Today we finished The Brief and Wondrous Life of Oscar Wao by Junot Diaz. For obv reasons — namely, the book won every award last year — our expectations were high, and but for the most part were met. In case we’re only the second-to-last person to read TBWLoOW, we’ll mention that it features an intense and zany “mash-up” (or pomo) style of high/low-culture prose that reverberates with everything from street slang (in English and Spanish) to eighties goth to Middle Earth and Dune, all of which Diaz employs with great dexterity to describe three generations of a family as they first suffer under the exceedingly heinous dictator Rafael Trujillo in the Dominican Republic and then — or at least those who survive — flee to New Jersey and in some cases, Washington Heights (i.e., home of yours truly).

img_6939

The book is necessarily long and the scope epic, filled with big and even operatic gestures of love and violence and redemption. As a rule, the women are hot and strong-willed and beautiful, i.e., they have ginormous tits and J-Lo asses and like to fuck (a lot), and the men — except for poor Oscar, who is too nerdy to get any action (although he continually longs for it) — are only too willing to oblige (and then some).  This lust for life — both literal and not — trumps any other concern in the narrative (political, historical, self-preservation, etc.) and gives the book a sweetness that ultimately saved it for us a few times when we were like: Ok bro, we get it: you’re clearly the master of this hyper-nerd/street-tuff melange, but can you just stfu and relax/reflect for a few pages?!

img_6939

Part of our discomfort (though it never rose above the admittedly mild) stemmed from a slight dissonance we felt between the Dominican “culture” we — as long-term Wahi residents — know and the x-l/comic-book version that Diaz offers up with such gusto. Although Diaz certainly sheds a lot of light onto the (srsly fucked up) Dominican history of the 20th century and how that can manifest itself in a single family, we never felt that he completely captured the true despondence and bleak melancholy that clings to the streets of Washington Heights, or what we tend to view as the flip-side of the happy-go-luck-macho-men-who-whistle-at-the-girlz-on-Broadway vibe (which he captured perfectly). For this reason, the book at times felt oddly sanatized and perhaps even a lil stereotypical in its presentation of the “immigrant experience,” to the extent that it allows book buyers (namely, lit chix and fggts like us if we didn’t know better) to “appreciate” the horror without ever really getting anyone’s hands dirty. (You might even say that TBWLoOW is the literary version of the Broadway musical hit we’ve all heard so much about.) This raises far more (unanswerable) questions about the function of a novel (i.e., truth versus entertainment) than it does about Diaz or TBWLoOW (and for the record, we would raise much the same issues w/r/t Middlesex, which this book resembles very closely in both structure and spirit, if not tone).

img_6939

We think everyone should read this book, and then come spend a year or two in the Heights, to form your own opinion! In our case, as much as we enjoyed the spectacle of the book, we also felt a little wistful by the end as we imagined reading a novel by say, Junot Diaz’s granddaughter, who no longer succumbs to superficial gestures of optimism (and conformity), but explores a more nuanced thread of pessimism common to the outcasts and (artistic) destroyers who have always been our true saints.

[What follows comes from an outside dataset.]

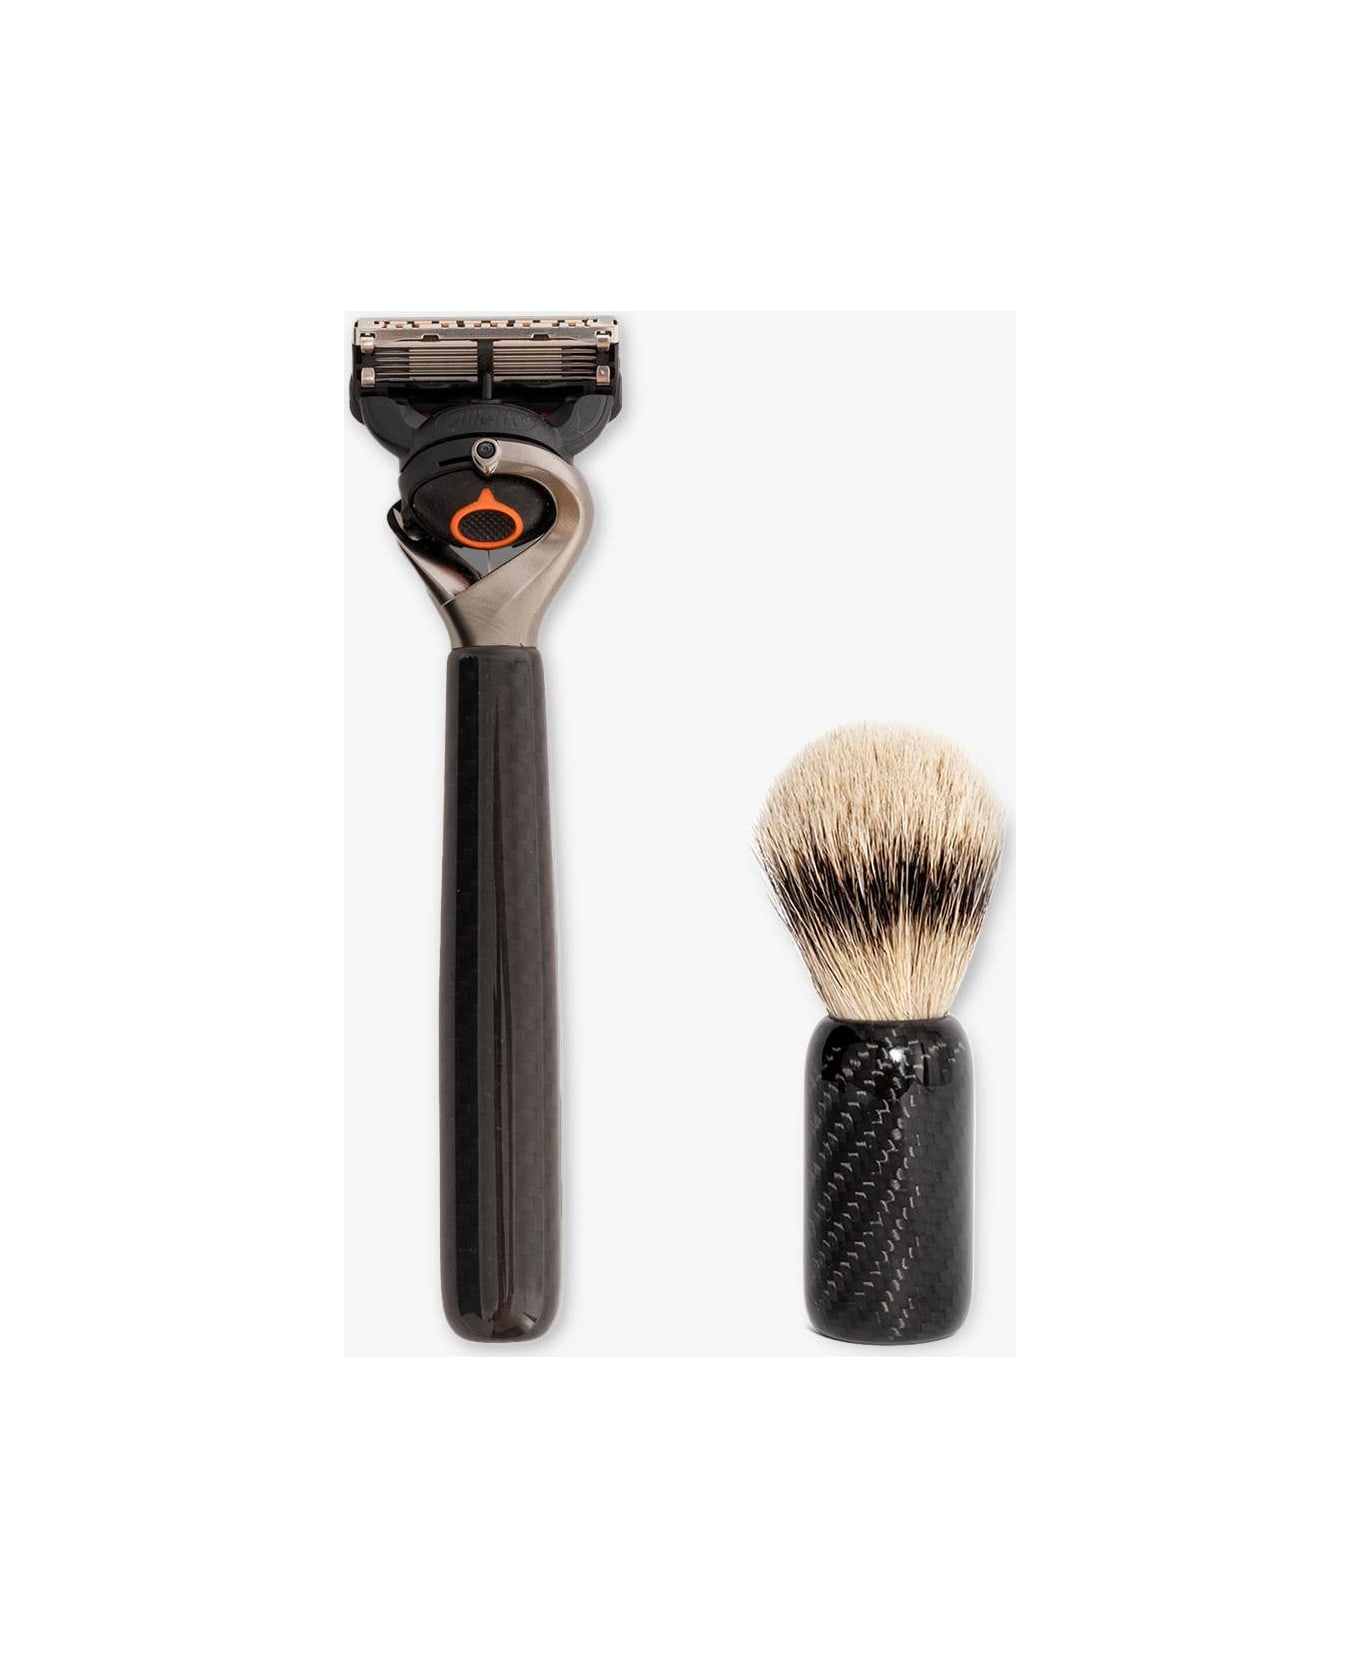 Larusmiani Carbon Fiber Shaving Brush Beauty - Black

3 Responses to “On The Brief Wondrous Life of Oscar Wao”

  1. 1 ephemerist

    Interesting. I too just finished the book (for, gulp, “book club” where I’m the only geigh amongst married young(ish) moms from the outer boroughs who like to drank, so the discussion for this one should be fun) and thought it did skew towards entertainment, It was certainly a unique and singular reading experience. Did it gloss over the grime and lingering despair of that particular Washington Heights experience? Prolly, though stopping short at times of being Runyonesque (rather, I suppose, what Damon Runyon would have written had he been Dominican and living in the Heights in the latter half of the twentieth century). But yeah, I was happy to find those heaps of awards lavished on the book were not unearned.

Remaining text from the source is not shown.